When I was run the command to load the workload, I used the following command:

bin/ycsb load cassandra2-cql -p hosts=“172.31.19.145” -P workloads/workloadf -s > workloadf_res.txt

It leads to error like below:

Loading workload…
Starting test.
SLF4J: Failed to load class “org.slf4j.impl.StaticLoggerBinder”.
SLF4J: Defaulting to no-operation (NOP) logger implementation
SLF4J: See http://www.slf4j.org/codes.html#StaticLoggerBinder for further details.
2016-02-29 04:45:41:695 0 sec: 0 operations; est completion in 0 seconds
com.yahoo.ycsb.DBException: java.lang.IllegalArgumentException: “172.31.19.145”: Name or service not known
at com.yahoo.ycsb.db.CassandraCQLClient.init(CassandraCQLClient.java:193)
at com.yahoo.ycsb.DBWrapper.init(DBWrapper.java:77)
at com.yahoo.ycsb.ClientThread.run(Client.java:289)
Caused by: java.lang.IllegalArgumentException: “172.31.19.145”: Name or service not known
at com.datastax.driver.core.Cluster$Builder.addContactPoint(Cluster.java:843)
at com.datastax.driver.core.Cluster$Builder.addContactPoints(Cluster.java:865)
at com.yahoo.ycsb.db.CassandraCQLClient.init(CassandraCQLClient.java:146)
… 2 more
2016-02-29 04:45:41:734 0 sec: 0 operations; est completion in 106751991167300 days 15 hours

For the first warning, according to the post here, after we add the slf package into the ycsb folder, it could be eliminated.

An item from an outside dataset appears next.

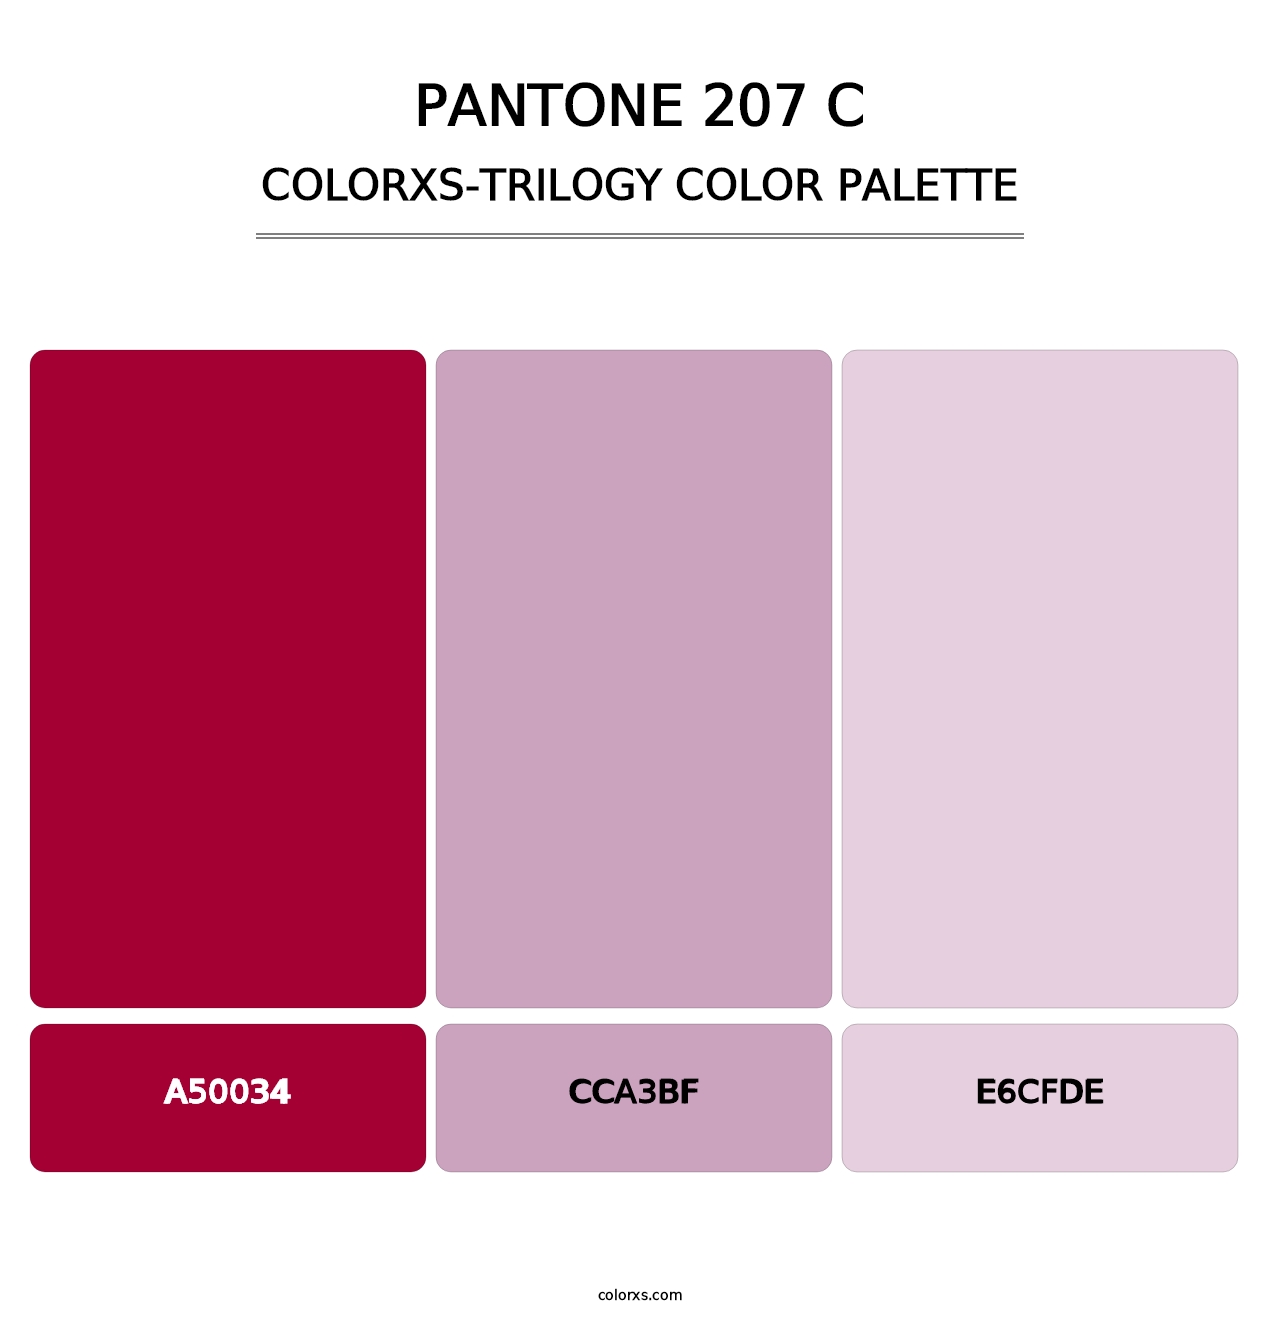 PANTONE 207 C - Colorxs Trilogy Palette

For the error after that, it’s because of the quotes between the host. After deleting the quotes in the red mark above, everything works. As hosts should be the Cassandra node’s IP to connect to and it should be a String format, I have no idea why adding quotes doesnt work. This error is really annoying and it’s absolutely not funny.

Later more benchmark results will be added.